Most of all, though, we love to hate him because of his looks. Actors like Kutcher become famous because they’re pretty, as opposed to handsome. Nonthreatening, feminine-looking guys like him are just the sort of movie stars that early-adolescent girls get their first crushes on. Best-case scenario, these pretty boys have enough acting chops to maintain their leading-man status for the long run (DiCaprio). In the worst case, they become national jokes once they hit their 30s (Corey Haim). Until recently, I would have figured Kutcher for one of the latter. However, this week’s release of two movies starring him has given me the occasion to revise my opinion. Not drastically — he’s not a great actor or even a terribly interesting one. Then again, neither was Rob Lowe, and he successfully managed to fade to the middle of the pretty-boy pack by becoming aware of his limitations and picking his projects accordingly. It wouldn’t surprise me if Kutcher wound up doing something similar.

Open Season is a pretty good example of the sort of movie that makes us hate him. You’d think that he’d be easier to take when reduced to a voice in an animated film, since the format would spare us his relentless mugging. Not so. He gives voice to Elliot, an undersized mule deer who loses an antler after being hit by a truck. He meets Boog (voiced by Martin Lawrence), a bear raised by a well-meaning park ranger (voiced by Debra Messing). When the fully grown Boog is released into the wild, he needs a guide to help him survive, and Elliot volunteers for the job.

Bodega South Main (300 x 250 px)

The template has been set down in too many animated movies to count — a big lovable oaf as the main character and a smaller sidekick who makes up for his lack of brawn by running his mouth nonstop.

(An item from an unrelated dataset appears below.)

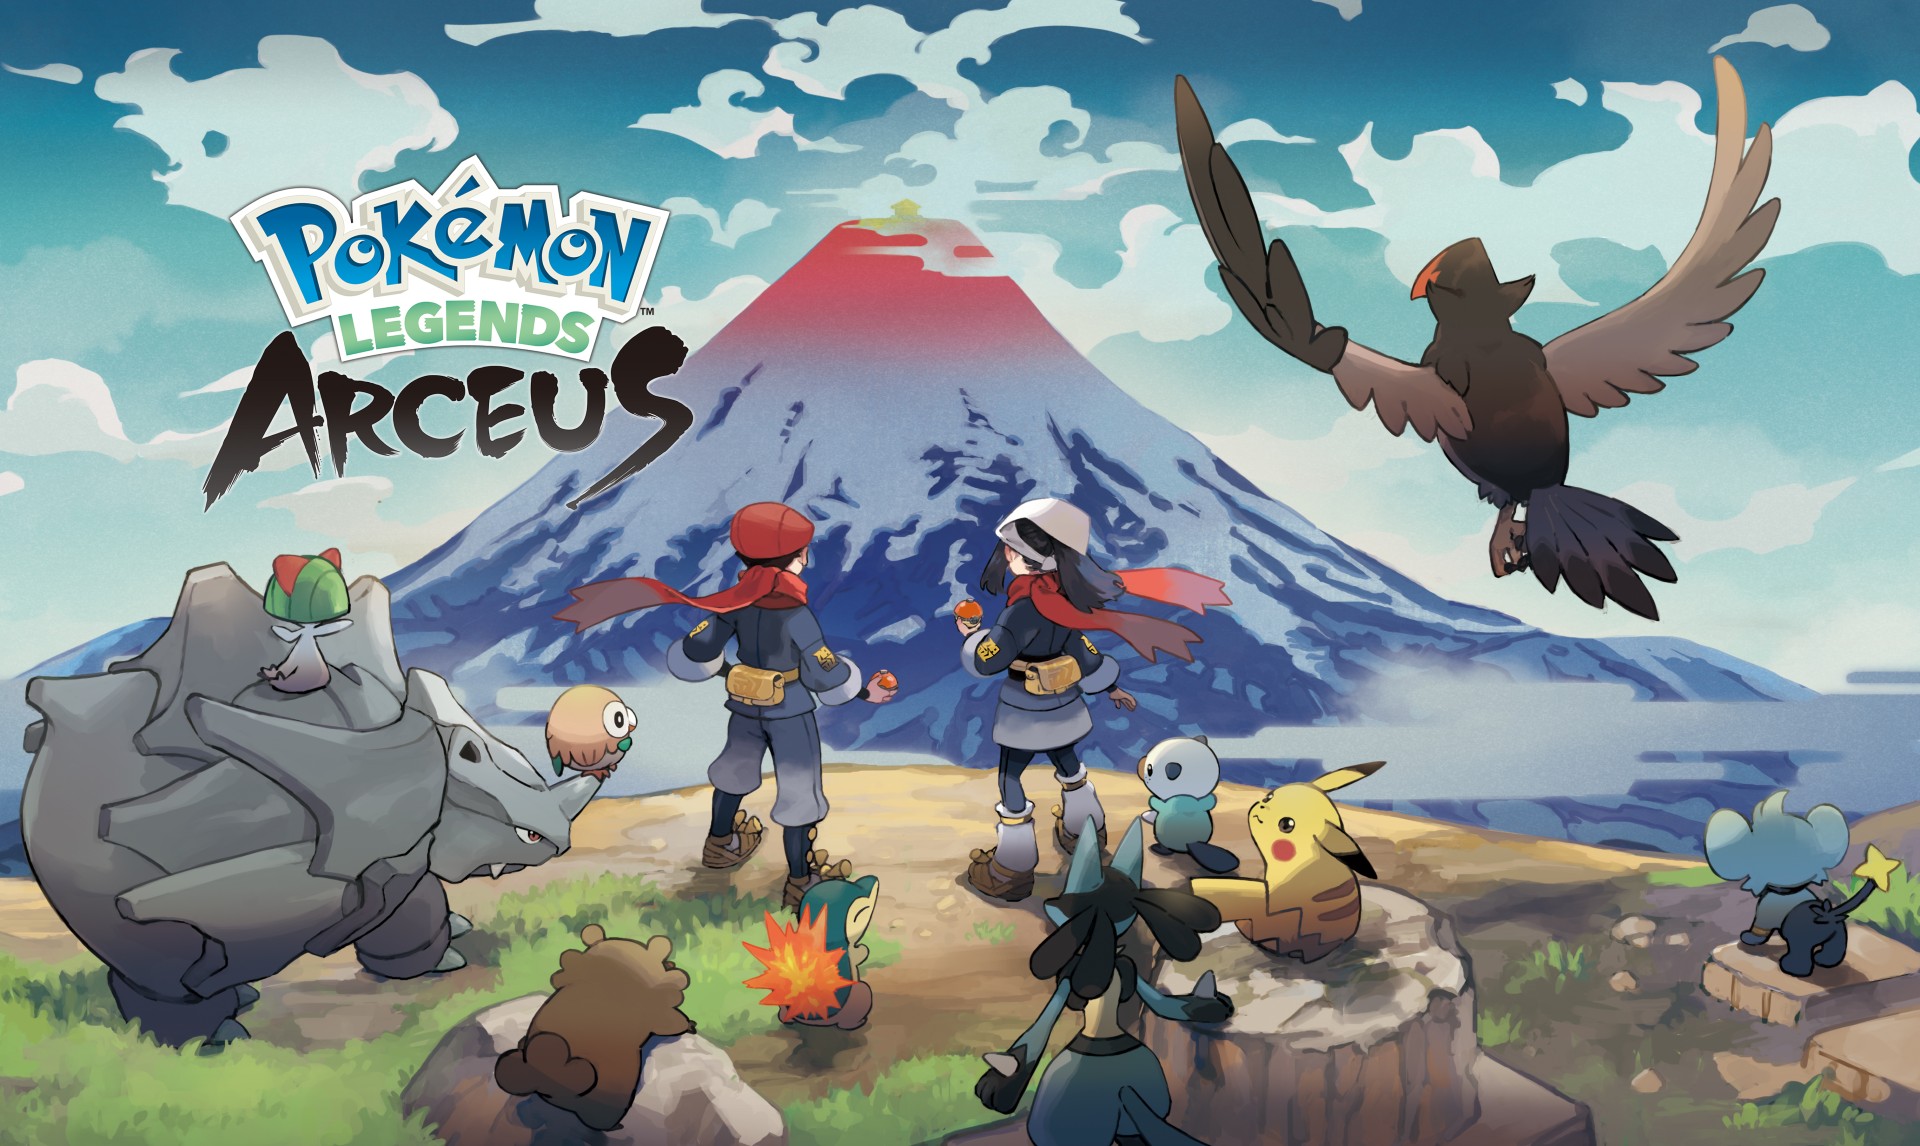 Pokemon Legends: Arceus ประกาศวันวางจำหน่าย เจอกันต้นปี 2022

The sidekick is supposed to be annoying, but Kutcher does the job far too well, reading his lines in his familiar manic, grating comic tone. (Contrast this with Lawrence, whose voice oddly fits the laid-back bear.) The script gives him no help, devolving into a lazy finale with the forest creatures teaming up to thwart the hunters at the start of open season. Remorselessly cuddly, Open Season will only give you an overwhelming urge to see Werner Herzog’s Grizzly Man again.

Kutcher comes off much better in The Guardian, as Jake Fischer, a high-school swimming champion who has joined the U.S. Coast Guard to become a rescue swimmer and save people’s lives. Standing in his way is Ben Randall (Kevin Costner), a legendary rescue swimmer turned hard-ass instructor at “A” school. He comes down harder on Jake than on anyone else because — if you can’t guess — Jake has so much potential.

The script here is every bit as trite and boilerplate as Open Season’s, and the movie surely didn’t have to run two hours and 20 minutes. None of the dramatic developments here is the least bit surprising. Jake gets into schoolboy trouble before dealing with his massive survivor-guilt issues and learning the meaning of his job’s awesome responsibility.

So why is the movie so watchable? A lot of credit goes to director Andrew Davis, who’s experiencing a bit of a resurgence between this and the excellent kids’ movie he made a couple of years ago, Holes. Davis directs with the sharpness and intelligence that first distinguished his action movies from the late ’80s and early ’90s, such as The Fugitive. The movie’s biggest advantage is, it’s about the Coast Guard, which doesn’t receive nearly the same publicity as the other branches of the service. (As Ben eyeballs a couple of Navy guys who are coming toward him and Jake to start a bar fight, he tells the recruit, “They think they’re better than us because they’re combat-oriented. Nobody appreciates us until they really need us.”) It’s enlightening, then, to see how the Coast Guard trains and how they do what they do. And Kutcher pulls his weight, checking his comic shtick at the door and exercising the right degree of restraint. He even tears up prettily when facing the prospect of failure. In this movie, he looks something like a grown-up. It’s a start.

 Open Season
Voices by Martin Lawrence and Ashton Kutcher. Directed by Jill Culton and Roger Allers. Written by Steve Bencich, Ron J. Friedman, and Nat Mauldin. Rated PG.

The Guardian
Starring Ashton Kutcher and Kevin Costner. Directed by Andrew Davis. Written by Ron Brinkerhoff. Rated PG-13.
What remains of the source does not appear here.